Today we made great progress with the robot (Yesterday we made a lot too, programmers came in at 8:00 am and crab mode came to life)

• After some mechanical fixing-up, crab mode worked!
• Snake mode wasn't really tested, but it appeared to work up on blocks, so we need to test that tomorrow.
• Carly decided that she preferred the XBOX 360 controller over the twisting joystick
  • The twisting joystick works fine when moving forward, but when going backwards or to the side, the natural twisting motion of a person's arm takes over
  • The twist portion of the joystick is so sensitive that when moving to the side or backwards, it sees it as a twist
  • The XBOX 360 controller is quite sensitive on the joystick part, but we can cut it down to half speed, and then set it so that holding down a button makes it full speed
• We also found that the wheels sometimes align to 0 degrees, sometimes to 180 degrees
  • This can be explained by the chains always being on the inside, which would mean they flip, however, this doesn't mean too much since the magnets mounted for the magnetic encoders choose an arbitrary start position anyway.
    • This means calibration code - which we already have implemented
      • At the present moment, the code works like this: Take a reading when prompted to, and set that permanently as the calibration value
      • We need to change this so that it initially takes the value checks that forward is in fact 0, and then sets the value. If it is not 0, then it needs to correct for that. This should then fix the problems we've been having.
  • Though it is not a perfect explanation, I think it is at least part of the problem, especially since while we were testing today, we entered calibration mode while some of the wheels were reversed, and when we exited, some of the drive motors were spinning in the wrong direction.
• Hmmm...I forgot what the other thing we were supposed to is. So I'll keep this here as a placeholder just in case I remember, or if any of the other members edit this page and know what it is.
• On a final note, I'm planning (for fun) to bring in all my game controllers (DDR, Guitar Hero, XBOX 360 gamepad, Logitech Rumblepad 2 (generic gamepad), possibly the racing wheel) as well as to try to use my pen tablet to control the robot
  • This should be interesting!!

14/15-May-2010

On 14-May into the wee hours of 15-May, Paul Klufas, Jack Rogers, Jen Stanton, Mike Rizzo, Faith McKown, and Siri Maley (but mostly Paul) stayed at DEC to finish DEWBOT VI's first effective autonomous code (used at Monty Madness). The following is Siri Maley's work log from that night.

Autonomous Work

Issue 1: motors will not run correctly at 13ft per 15sec (0.86ft/s). They do an (albeit very slow) St. Vitus's dance attempting to calibrate & end up ghosting throughout. (Theory) Motors can't seem to apply a steady voltage at that level and/or the module difference is too pronounced to handle.
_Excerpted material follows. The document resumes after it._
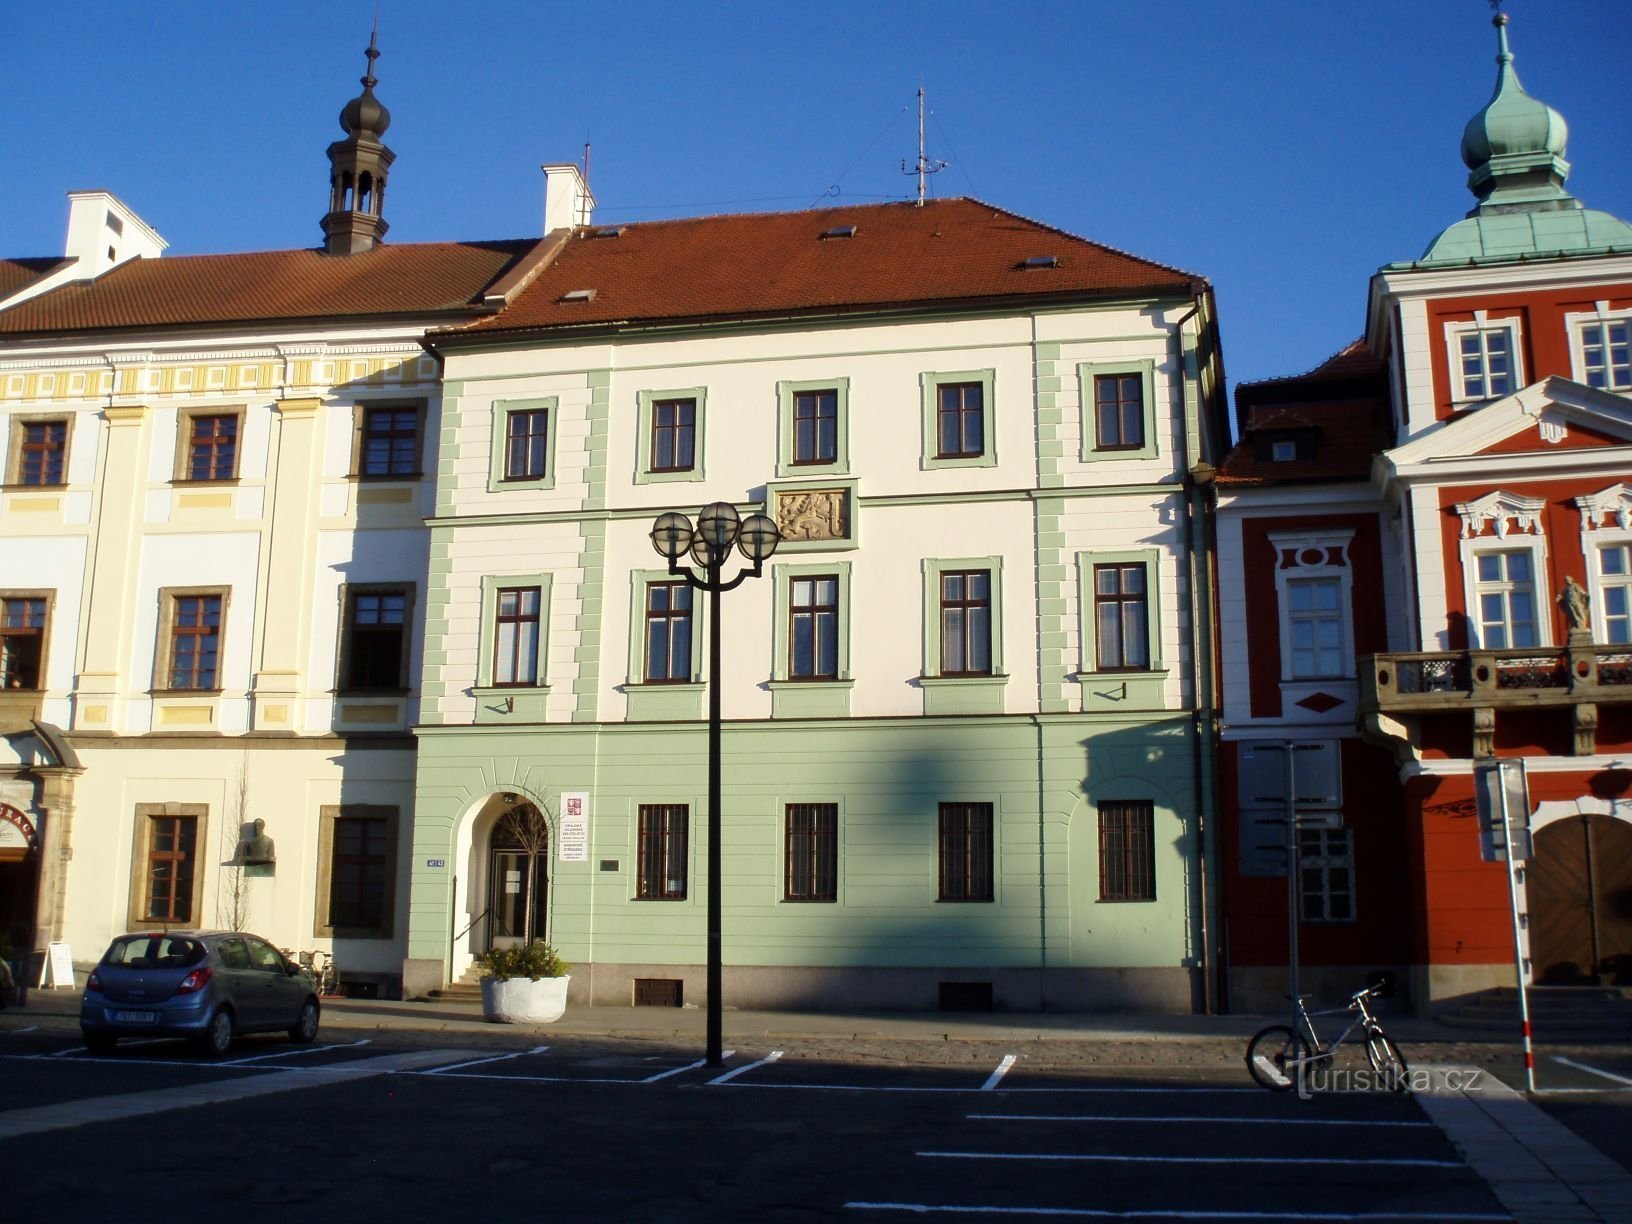 Velké náměstí n. 33 (Hradec Králové, 25.4.2012 ottobre XNUMX)

Sol'n: run faster. 50% speed seems to be just about the minimum. Makes recocking between ball contacts difficult.

To do: add deliberate stop-to-recock feature as necessary.

Issue 2: looping kick cycle generates code commands for rapid-fire kicking. EDIT: cause determined in Issue 5 upon sensor voltage examination.
Issue 3: IR sensor zero-point differs by robot location (initial testing vs various implementation locations).

Sol'n: up threshold & keep constant easy to change & integrate (proven through needing to change it a lot).

To do: Check in situ.

Issue 4: IR sensor takes time to settle & can spike above threshold during this period. This can kick the kicker early & given (1) leaves it unready to kick at ball 1.

Sol'n: raise threshold (actually as result of 3) & pray. Attempted to add delay tonight but failed for unknown reasons (never exited delay mode). I've shut down further attempts for tonight--it's late.

To do: add delay as necessary & possible. This seems to be becoming less of an issue as the night wears on (unknown reasons), but it's anyone's guess in the arena.

Issue 5: IR sensor reads kicker firing as a ball in place. Results in (what would be without the disable button) rapid-fire kicking. Wasn't allowed to happen very much -- no visible kicker damage. Major issue at first; though somehow (not deliberately) less of an issue later.

Sol'n: time heals all wounds?

To do: only validate IR sensor reading when kicker is latched/limit switch is back. This was attempted briefly but did not succeed tonight for unknown reasons. I've again tabled further initiatives--it's really late.

Issue 6: Given speed from (1) and possessor issues, robot often kicks ball 2 and/or 3 out of place with a low-arc kick of ball 1. Depends highly on approach angle, contact point, and carpet (at least 1 of which probably explains with it didn't happen much on the rare occasions we've kicked in previously).

Sol'n: build up our karma.

To do: implement stop prior to kicking as needed & possible.

Final Code

Kicked at least 2 balls each try for 3 tries in a row (missed 1 in 5 with no code change). Halts semi-sporadically (but not necessarily detrimentally, see 1, 4, 5, 6). Not wholeheartedly straight, but by-and-large contacts balls in useful location. Doesn't look particularly convincing, but gets more of the job done than before.
Added teleop "ball in range" indicator for Classmate dashboard (currently ever-so-useful operator can watch this). No auto-fire in teleop yet. No vision, and what little code Ben tried suffered from (5) much more than Paul's. (Need to make sure any future testers also known they shouldn't just beat the thing up all day.)

Mechanical

We're losing set screws left & right (also caused axle slippage). Loctited all that could be reached, centered axles & checked chains. Need to check consistently, especially 1 & 4...also 2 & 3.
Removed battery box and cut top & bottom flanges (after first removing neoprene).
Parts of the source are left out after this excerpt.